A white dwarf star has been detected ripping an asteroid-like object to shreds. This observation now proves the hypothesis that why a white dwarf star seen to be gaining mass is not fusing heavier elements, but eating its own planets. In about 8 billion years from now, our own sun may do the same thing.
The team of astronomers, led by Andrew Vanderburg of the Harvard-Smithsonian Center for Astrophysics (CfA), had noticed several planetary pieces in orbit during their observations of the white dwarf (WD 1145+017).
Vanderburg said in a statement:
‘This is something no human has seen before — we’re watching a solar system get destroyed.’
The pieces were detected by the Kepler space telescope. The size of the planetary pieces is estimated to be around the size of the asteroid “Ceres,” which is located inside our own solar system’s main asteroid belt.
These planetary pieces have an orbit of between 4.5 and 4.9 hours, and are too small to be seen. It was the presence of their massive dust clouds, trailing them in their orbits, that helped the researchers detect them.
“It’s fascinating,” Michael Jura, an astronomer from the University of California, Los Angeles, who was not part of the discovery team, told Science Magazine. “They’ve actually caught in the act the process of some asteroid breaking into pieces, being disrupted by the white dwarf host star.”
The white dwarf is about 570 light-years away, and is in the direction of the constellation Virgo. Before becoming a white dwarf, it would have been similar to our own sun. Toward the end of its life, it would have become a red giant, and then thrown off its outer layers.
What remains is an Earth-sized core that’s called a white dwarf star. It then will generally consist of carbon and oxygen with a thin hydrogen or helium shell. Any planets that survived would find life around a white dwarf star very harsh. When a planet or asteroid drifts too close to the dwarf star, the intense tides will rip them to pieces.

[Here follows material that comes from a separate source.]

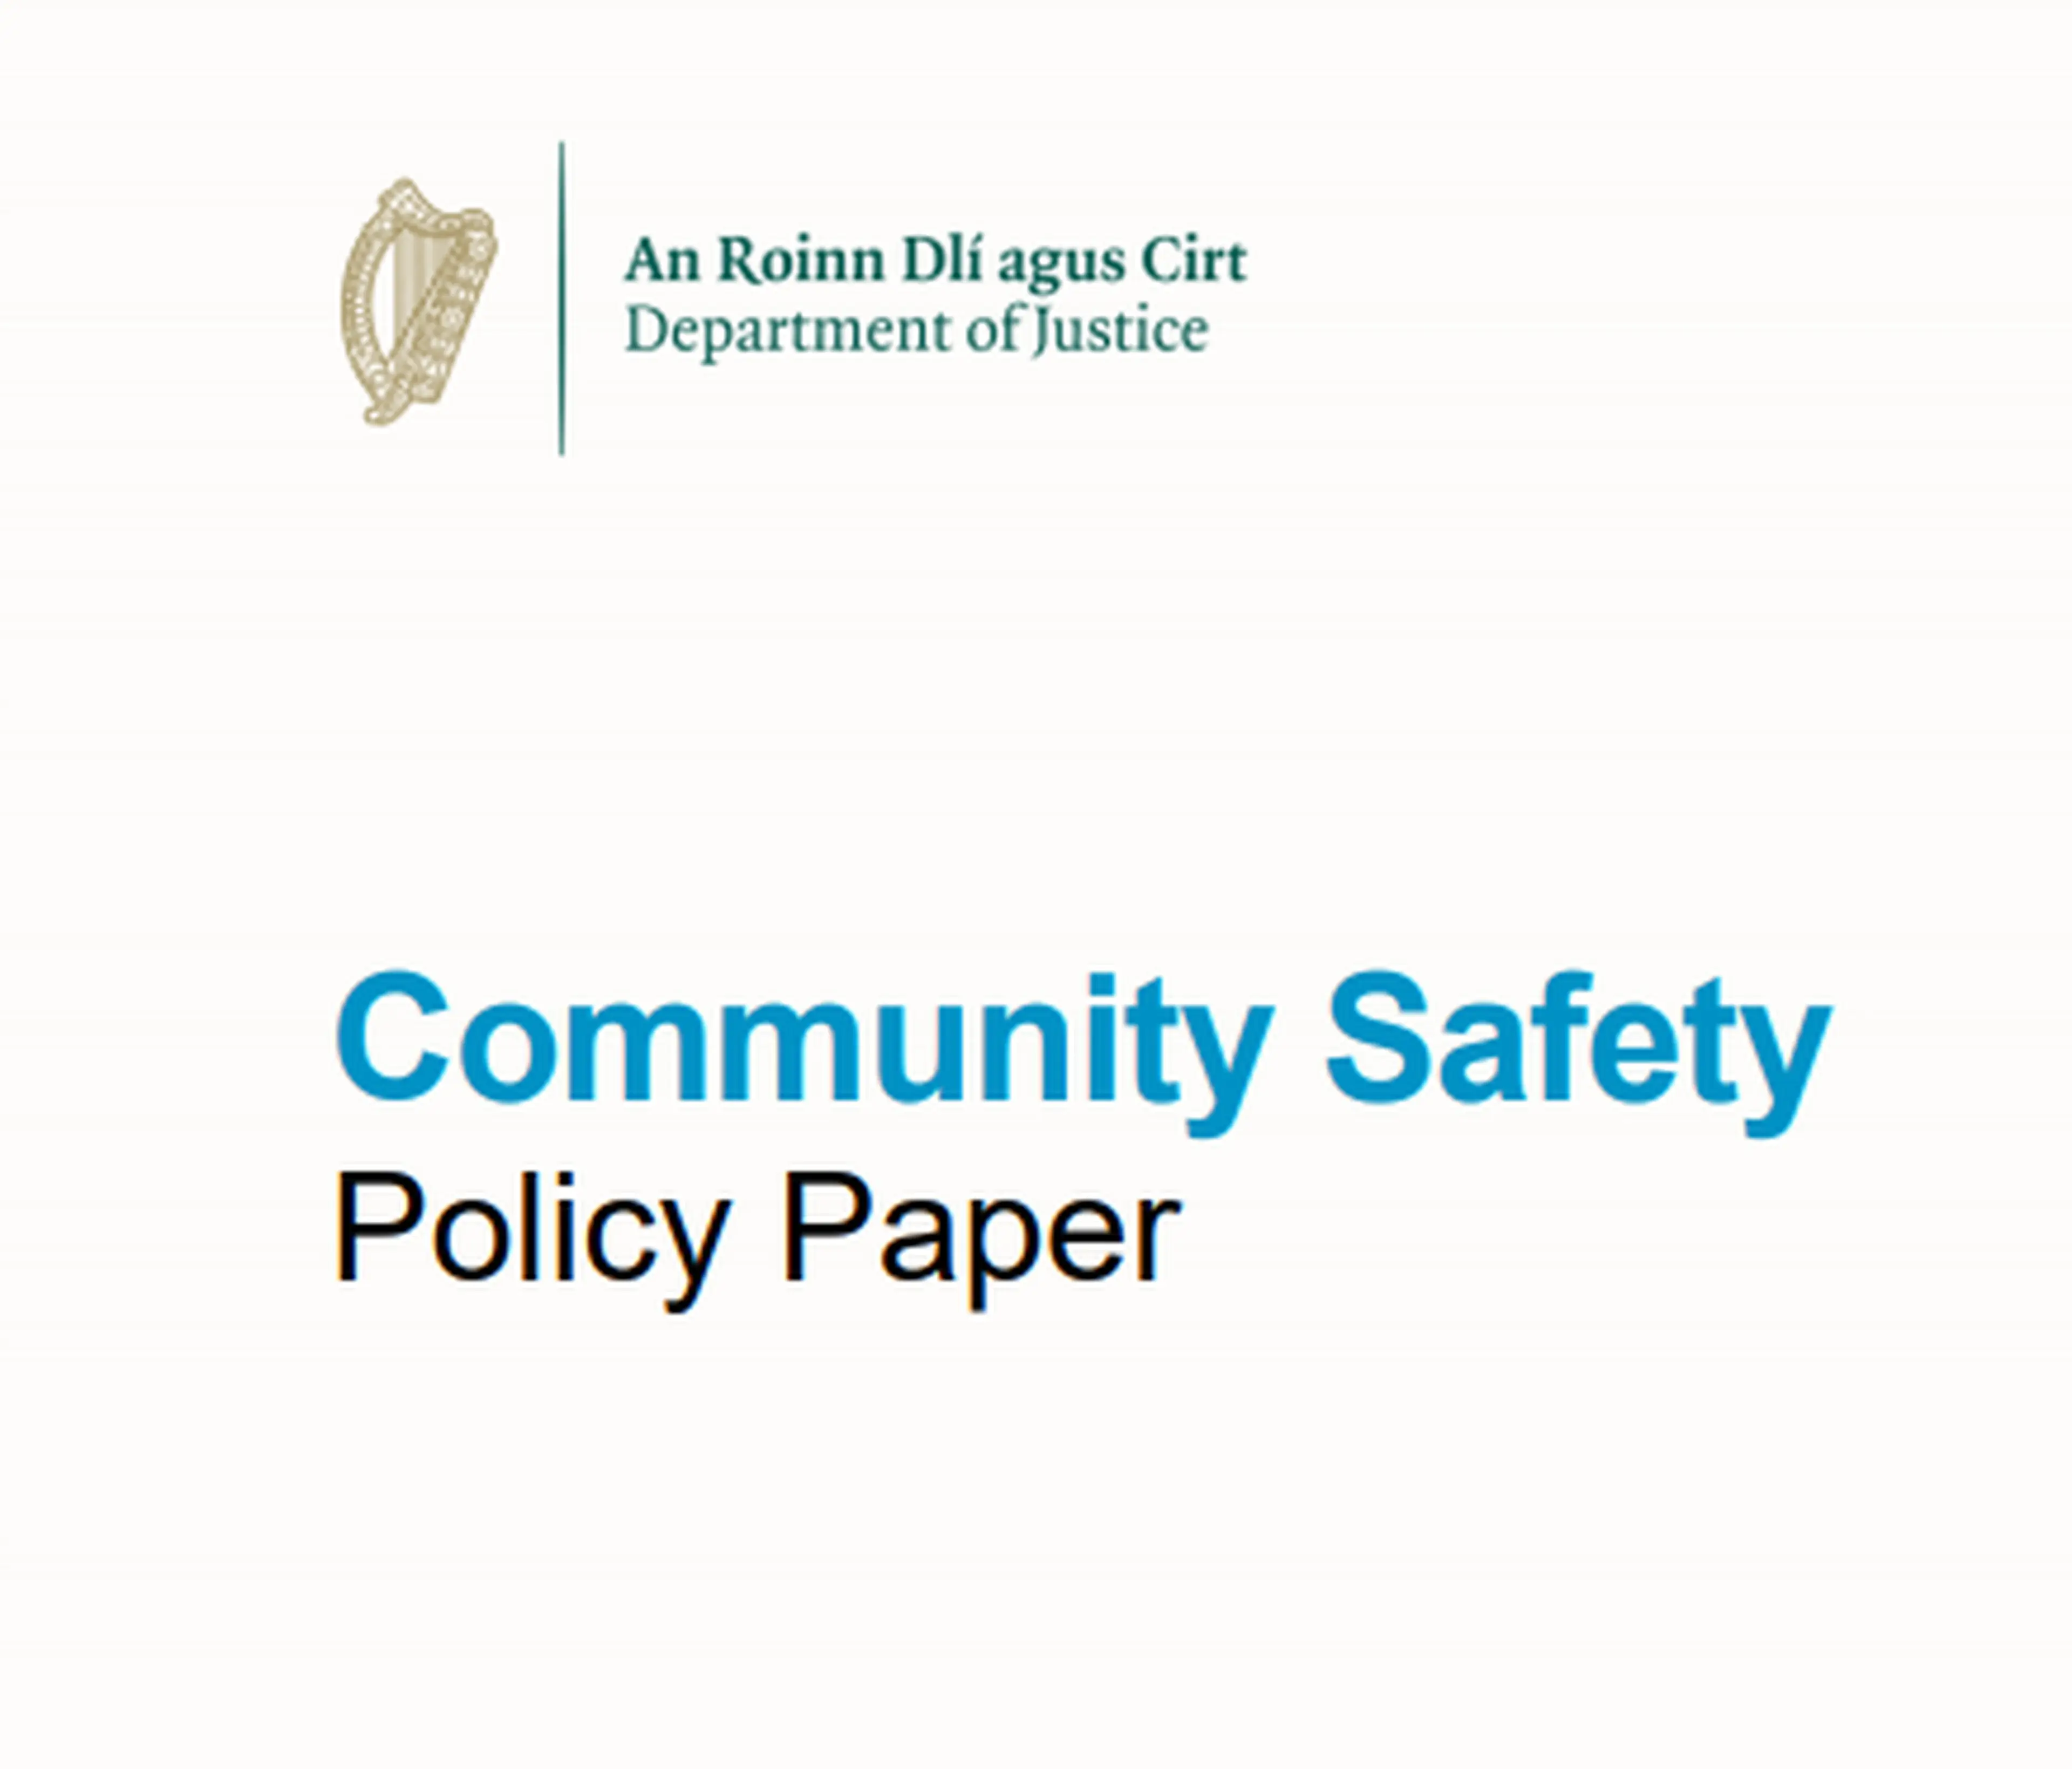 Community Safety Policy Paper Image

For the last decade, we’ve suspected that white dwarf stars were feeding on the remains of rocky objects, and this result may be the smoking gun we’re looking for,” Fergal Mullally, staff scientist of K2 at SETI and NASA’s Ames Research Center in Moffett Field, said in a NASA release.
“However, there’s still a lot more work to be done figuring out the history of this system.”
The typical white dwarf exerts a strong gravitational pull at the surface, which, according to Science Magazine if you were to drop a rock from 1 meter high, it would hit the surface at thousands of miles per hour.
With the gravitational force as strong as this, it is expected that elements heavier than helium should be pulled beneath the star’s surface, but on many white dwarfs there is a presence of heavy elements, which suggests that asteroids are depositing elements such as silicon and iron.
“It’s like panning for gold — the heavy stuff sinks to the bottom. These metals should sink into the white dwarf’s interior where we can’t see them,” John Johnson, a co-author, explained to PHYS ORG.
Boris Gänsicke, an astronomer at the University of Warwick in England who studies heavy-element pollution in white dwarfs, but was not involved in this research, told National Geographic: “These should disappear on relatively short timescales; [because] these elements haven’t disappeared yet means they’ve been replenished relatively recently.”
Francesca Faedi, an astronomer from University of Warwick, wrote in a commentary that accompanies the study: “Future observations of evaporating planets and metal-polluted white dwarfs might even allow scientists to distinguish between material that originated in a planet’s core as opposed to its mantle.”
Scientists have said that white dwarfs that showed evidence of heavy metals had become “polluted” as they destroyed asteroids or rocky planets, but they had little to no evidence, and most of what they had was often circumstantial. Few white dwarfs that are polluted show any signs of having debris disks surrounding them, and for the ones that do, their origin has been uncertain.
This system however shows all three: A polluted white dwarf, a surrounding debris disk, and at least one compact, rocky object.
‘We now have a ‘smoking gun’ linking white dwarf pollution to the destruction of rocky planets,’
While there will be other interpretations of these observations, Gänsicke says that Vanderburg’s group is plausible. “I can’t think of an alternative explanation,” he says. “The exciting thing is that, yes, the story we’ve been developing over the past decade works the way we think it works.”
The Harvard-Smithsonian Center for Astrophysics wrote in a press release: “What is certain is that the remaining objects will not last forever. They are being vaporized by the intense heat of the white dwarf. They also are orbiting very close to the tidal radius, or distance at which gravitational tides from the white dwarf can rip apart a rocky body.
“Within the next million years or so, all that will remain of these asteroidal bits is a thin metal dusting on top of an innocent-looking white dwarf star.”
The origin of the objects orbiting the white dwarf star is still unknown, but it is likely that it was an existing planet whose orbit had become unstable when it was dragged towards the white dwarf. There are up to six dwarf planets in orbit around the star that have been spotted, each having a trailing dust field of debris.